Electric Fuel Energy and its parent company are making some bold claims about a new flow battery. If they can live up to those claims, other flow battery companies may have some stiff competition.
Flow batteries provide long-duration electrochemical storage with the promise of 10-hour-plus discharge times.
“Flow batteries are particularly suited for applications that require long-discharge durations, such as load-shifting. The majority of flow battery deployments in the U.S. thus far have been utility-scale systems," explained Brett Simon, a storage analyst with GTM Research.
Flow batteries come in a variety of types, championed by different industry players. UniEnergy, Imergy and CellCube are in the vanadium space; iron chromium is the chemistry favored by EnerVault; Primus Power has a zinc-bromide battery; EnSync and Redflow specialize in zinc-bromine technology.
Electric Fuel Energy (EFE) is based in Israel, wholly owned by U.S.-based Arotech Corporation and run by CEO Ronen Badichi, who is also president of Arotech’s Power Systems Division. In a recent interview with GTM, Badichi pointed out that EFE is part of a company with 20+ years of experience in batteries -- and not reliant on angel investors -- giving it a key advantage.
That relationship and experience allowed the company to solve problems faster. “The goal was to create a very low-cost battery that, combined with renewable energy, could compete with diesel generation,” said Badichi.
EFE’s battery has a proprietary iron anode and ferro-ferricyanide aqueous couple cathode. “Both have been in use a very long time,” said Badichi. “What we managed to do is to get the two to work together.”
The electrolyte, he said, is a harmless, inexpensive, unregulated organic solution frequently used as a food additive.
The end result will be a container-sized 150-kilowatt flow battery unit that delivers storage at a price of between $250 and $300 per kilowatt-hour, he claimed. Badichi also said his company intends to target developing economies, where the grid systems are weak and isolated, and also off-grid markets, including island communities. (This is where competitor Imergy has focused.)
“Places with stronger grids, such as Europe and the U.S., would not be our first choice -- but if and when subsidies for existing storage are dropped and existing storage needs to be retired, maybe there would be possibilities,” he said.
EFE is hoping to have a field demonstration project up and running by the end of this year, adding four more in 2017 and 2018; a full commercial launch is planned for 2019. The first production facility, based in Israel, is currently under construction, Badichi said.
If it does enter the market, EFE faces competition on at least three fronts. First, the current installed base of battery energy storage is predominantly lithium-ion. It has a deep advantage as a technology with a long track record.
Badichi countered that his company's flow battery can out-compete the current technology on price, even with very low economies of scale: “We don’t need a 50-gigawatt plant to make our product competitive,” he said, clearly referring to Tesla’s Gigafactory in Nevada. The battery should also have a lifespan around twice as long as current lithium-ion deployments.
Also, like other flow batteries with their typically long charging and discharging cycles, the technology can be used in areas less suited to lithium-ion. The product wouldn’t, for example, be targeting the crowded frequency-response market. “We are in the lithium battery business ourselves, so we’re well aware of what they can do -- and what they can’t,” he said.

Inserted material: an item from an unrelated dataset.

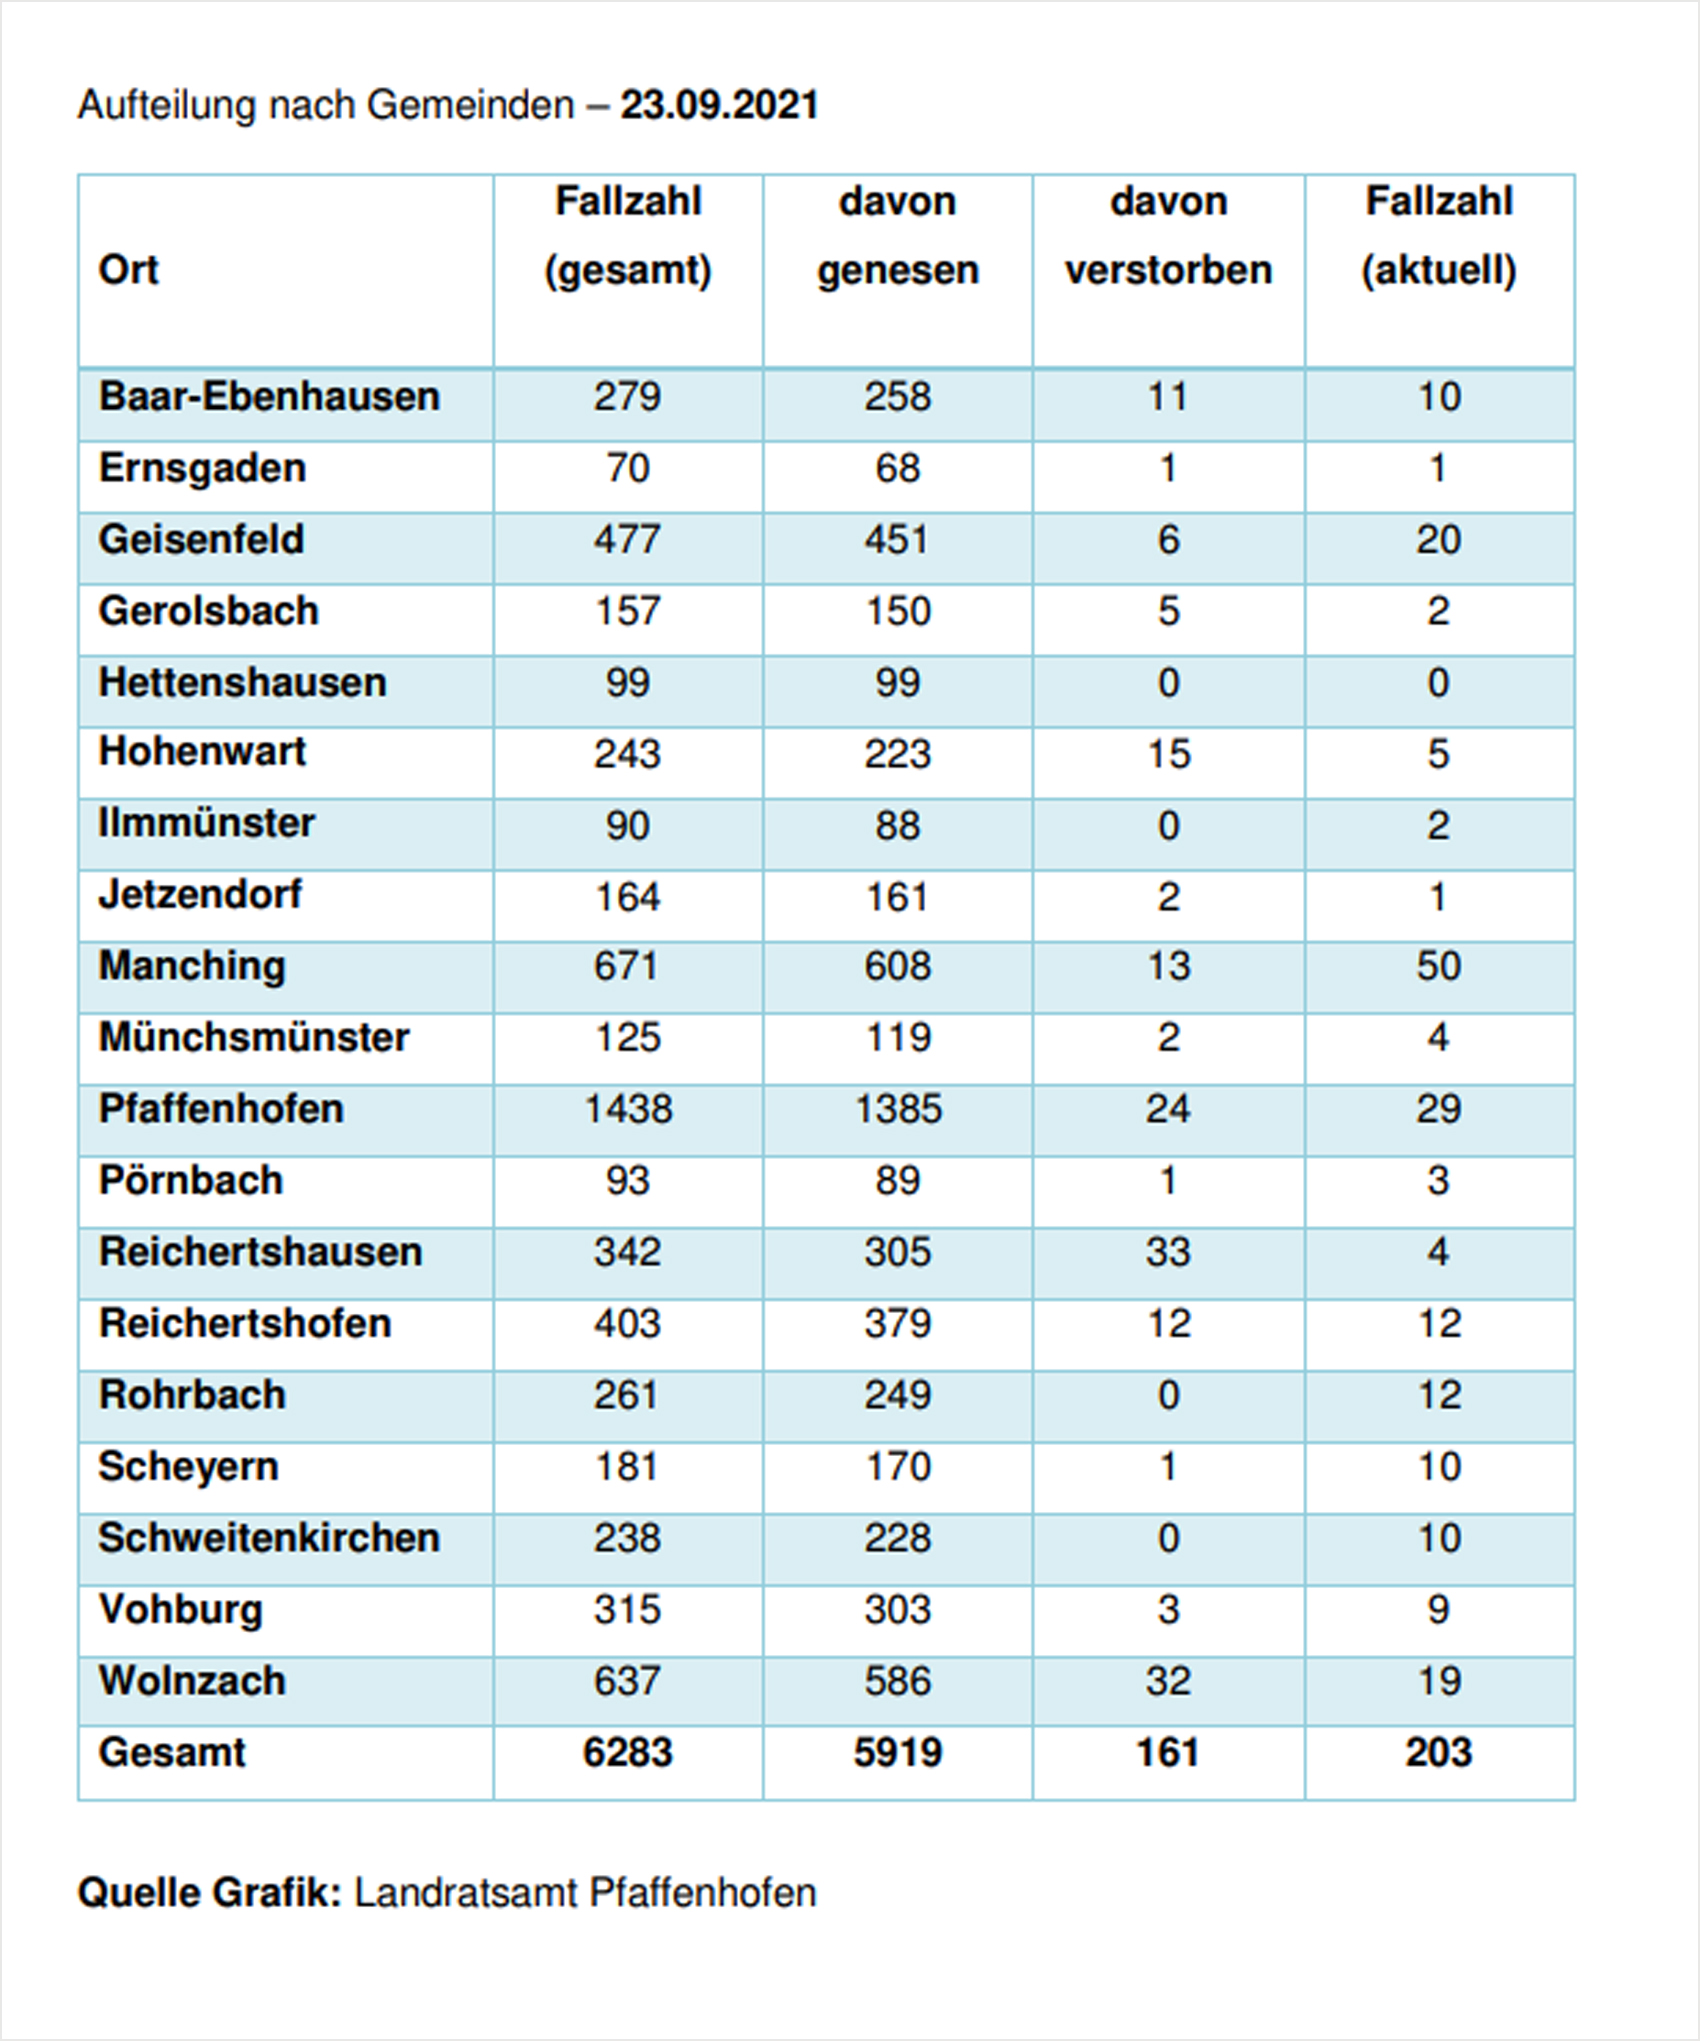 Verteilung der Fallzahlen auf die Landkreisgemeinden - 23.09.2021

The second challenge comes from other flow battery providers. Many are already deploying product and are much further down the development pipeline than EFE’s iron cell.

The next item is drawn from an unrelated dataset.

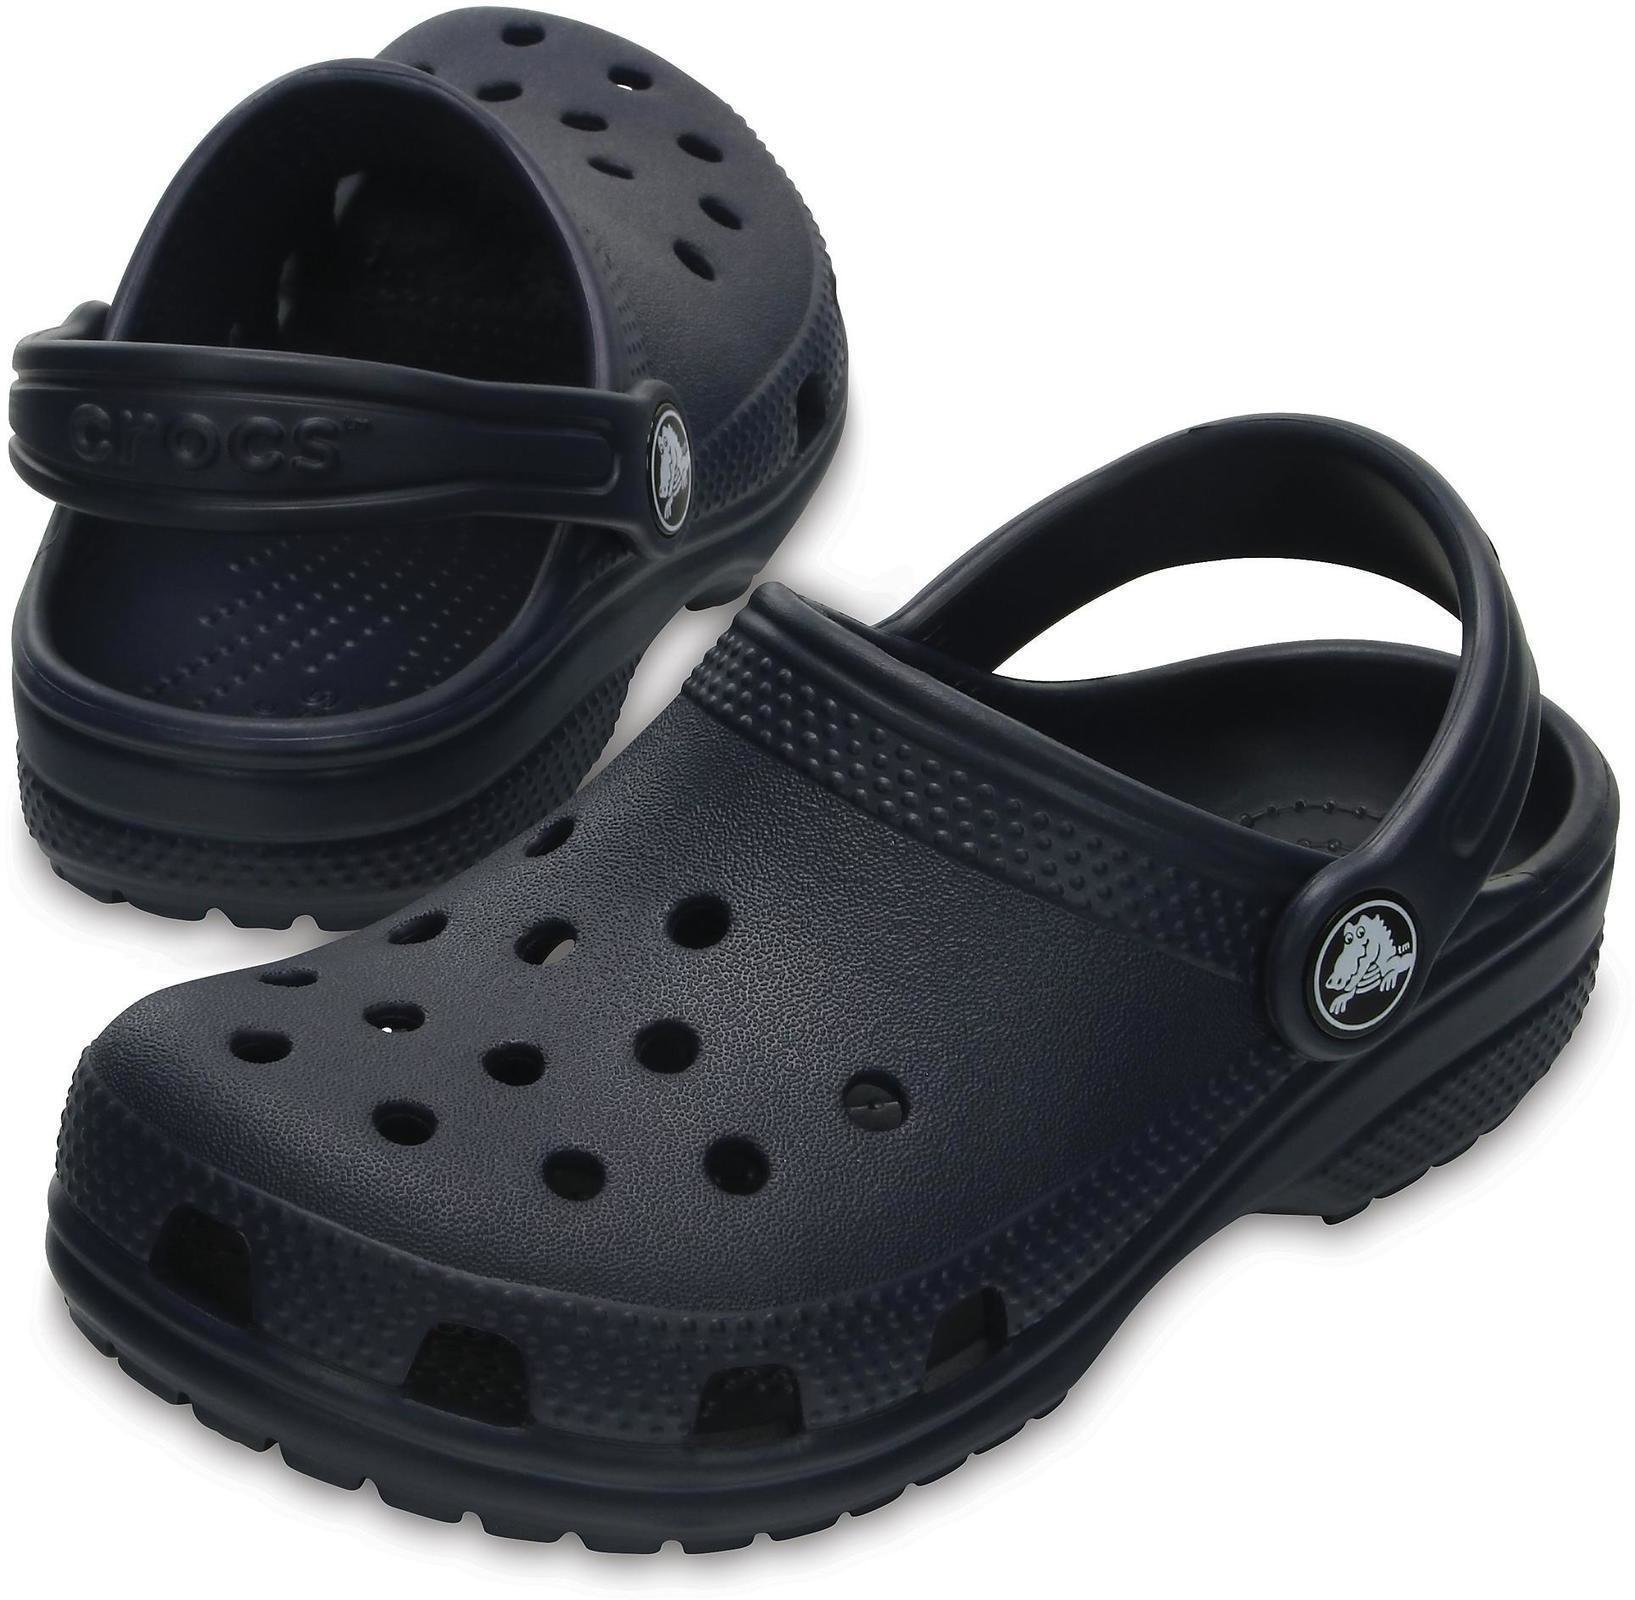 Buty żeglarskie dla dzieci Crocs Kids' Classic Clog Navy 27-28

The company’s big advantage here is its technology’s ecological and safety credentials, said Badichi. To quote his company’s website: “The Iron Flow Battery offers superior safety and sound environmental characteristics...in sharp contrast to batteries based on bromine, vanadium or strong acids."
The iron flow battery also avoids plating and dendrite formation, which affects some other types of flow batteries, adding to their maintenance costs, according to EFE.
Given all these factors, how do EFE’s claims stack up? What are its chances of commercial success?
Dean Frankel, an analyst at Lux Research, has been following Arotech’s efforts in developing an iron flow battery for the last three years. It's a company with solid energy storage credentials, and any proposal it has should not be dismissed out of hand, he said.
He does urge caution, however. Frankel notes that the projected price of between $250 and $300 per kilowatt-hour is very aggressive -- especially when talking about a fully installed unit that includes installer profit, inverters, shipping and the cost of land: “For a system, without power electronics and without installation, it is believable but still aggressive.”
Energy Storage Systems, which is planning on deploying iron flow batteries for $500 per kilowatt-hour, has a more realistic target when taking into account real-world conditions, said Frankel. But even that figure is ambitious.
Frankel also sees the dominance of lithium-ion technology as a potential obstacle for any flow battery company seeking to break into the stationary energy storage market. As he points out, there were three orders of magnitude more lithium-ion batteries in operation in 2015 than flow batteries. And as the production of lithium-ion ramps up, prices continue to plummet.
Frankel acknowledges that flow batteries generally should have a big advantage in price -- if they have a chance to prove themselves.
Correction: this article incorrectly labeled EnSync as ZBB.